We don’t like the idea of admitting that something in our founding documents is no longer relevant, because we’re afraid that in doing so, we might cast doubt on the rest of their contents. We therefore fall into the trap of defending the authority of the documents themselves, rather than affirming the principles upon which they rest: violating the spirit of the law in a vain attempt to preserve the sanctity of the letter; creating fallacious arguments to prop up outdated logic.

Where does that logic lead us?

Toward that tub of ice cream or that bottle of whiskey. To something we no longer need but still want. One could argue that we, as a nation, have the same attitude toward guns that the gluttonous man has toward his ice cream or the alcoholic has toward his Jack Daniels.

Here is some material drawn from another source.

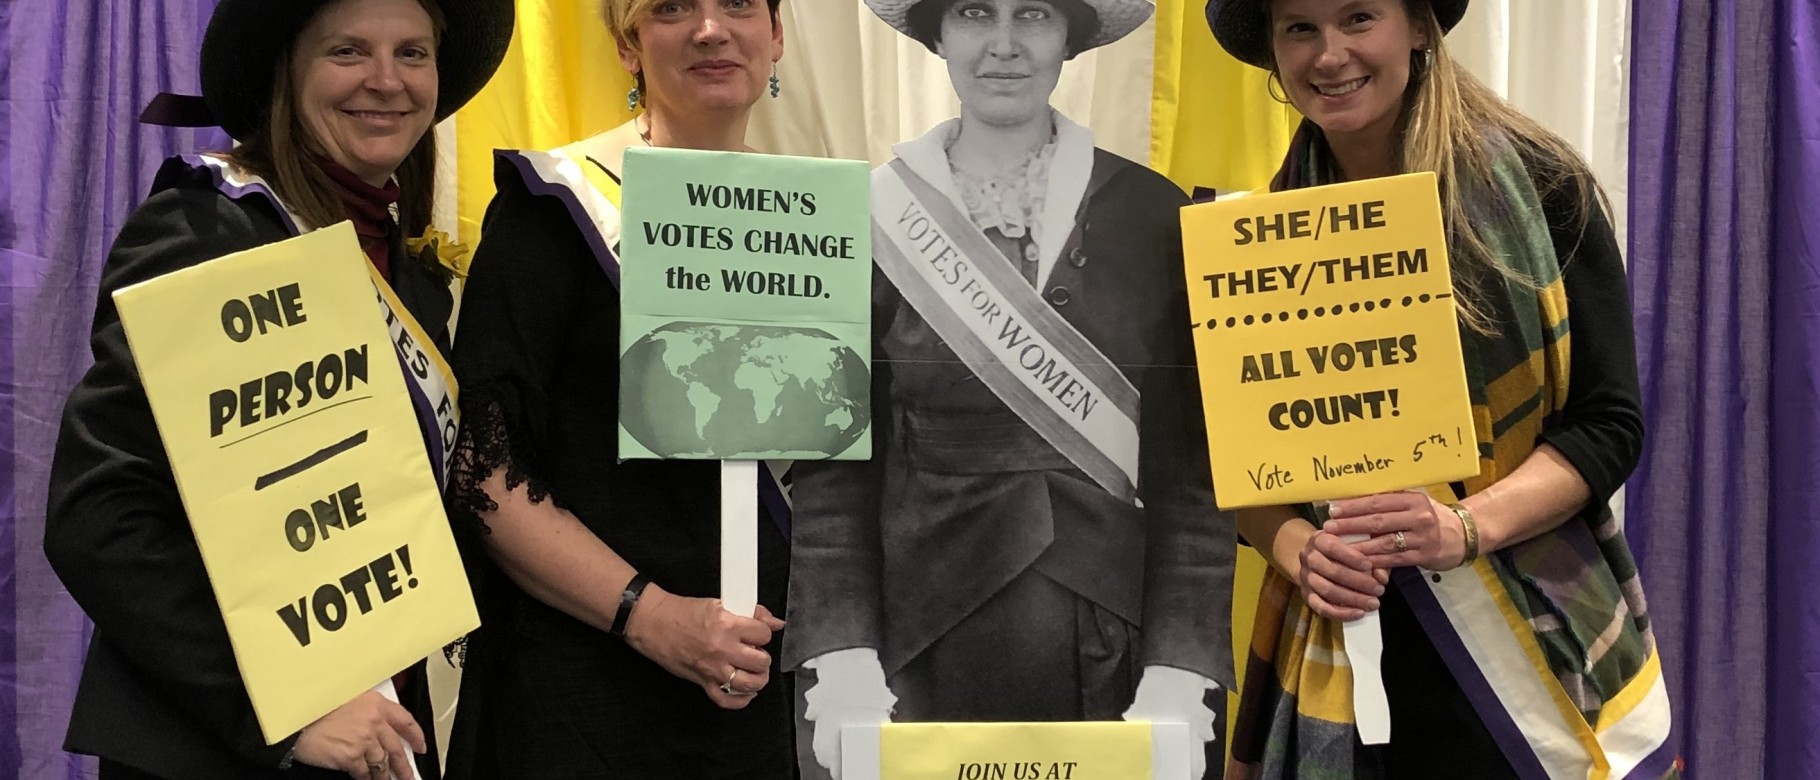 Attendees pose with an image of Katharine Dexter McCormick of the National Woman’s Suffrage Association

In all three cases, we invoke a perceived need as an excuse to continue feeding an insatiable appetite that isn’t good for us.

We continue to defend outdated logic that we need guns for one purpose in order to preserve our right to wield them for other reasons entirely.

Burden of proof

I’ve been told that, in order to find a flaw in the Second Amendment, I’ll need to change the Constitution. But I disagree. The logical flaw is there, right in front of our noses, and our failure to acknowledge it won’t make it disappear.

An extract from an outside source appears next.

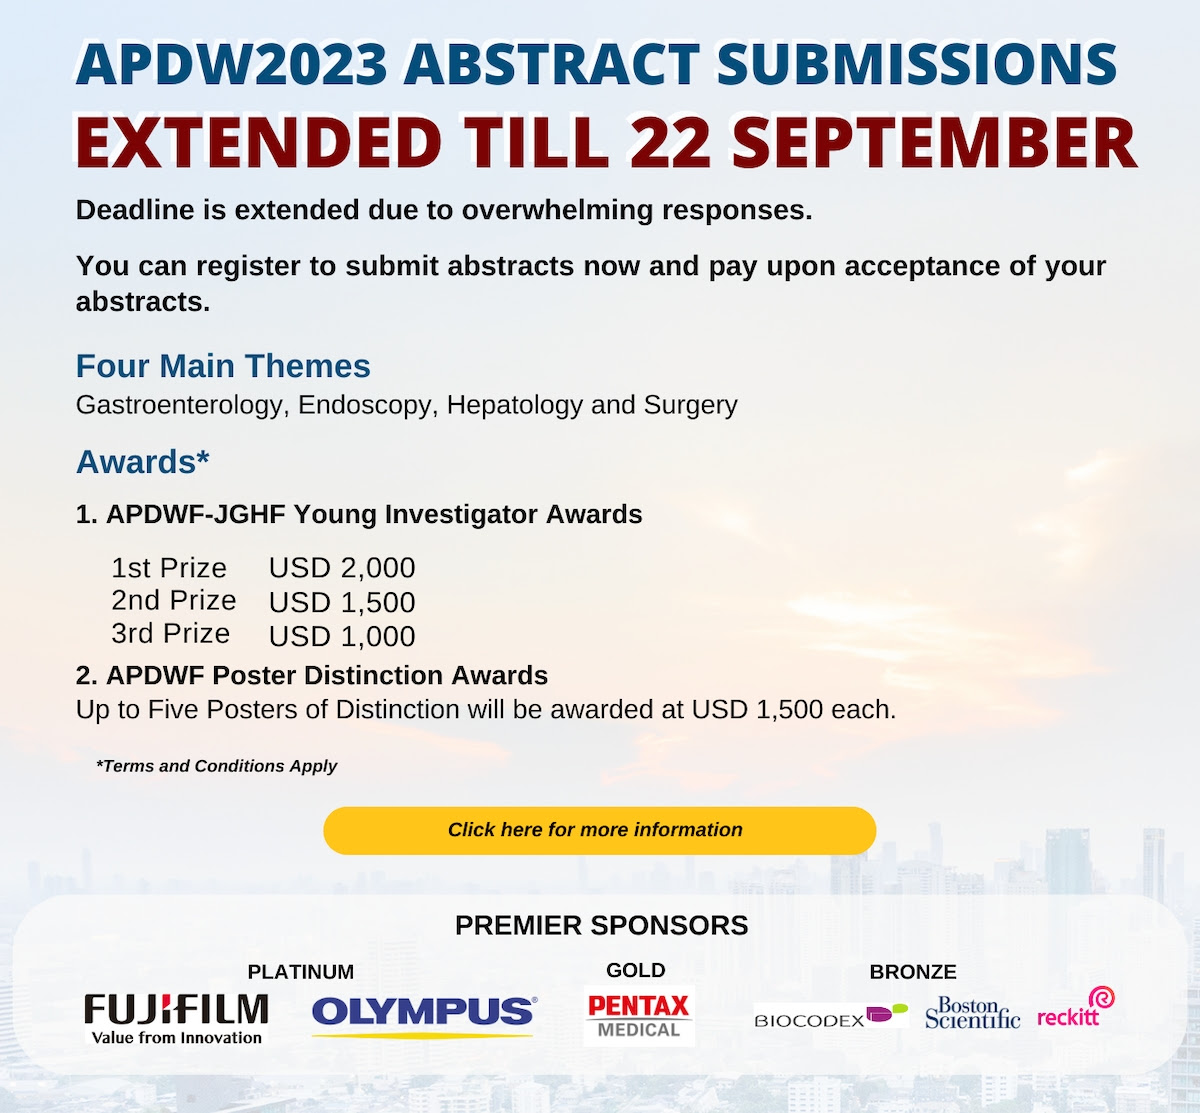 APDW 2023 - Extension of Abstract Submission Deadline | 22 Sep 23

There are other reasons to bear arms, but we can’t infer from the document as written that these are sufficient to secure a right to do so. And we can’t simply cast aside the premise of a logical argument that was an essential part of the document as written … unless, that is, we amend the amendment. The burden of doing so must be placed squarely on the shoulders of those who believe in the right they want to uphold: either by removing the archaic premise about militias entirely, or by replacing it with another premise altogether — such as a right to individual self-defense.

But it’s impossible, in my view, to deny that the amendment as written, is an invalid argument. And once we admit that, we must also acknowledge that such an argument is not fit to serve as a guiding principle for a great nation.

Guns are, most certainly dangerous. But it’s far more dangerous to engage in mental gymnastics to convince ourselves that something’s logical when it isn’t. Guns may kill the body, but logical fallacies destroy the mind.

This is what we’ve come to. The Supreme Court majority is flat wrong. Its reasoning simply backfired.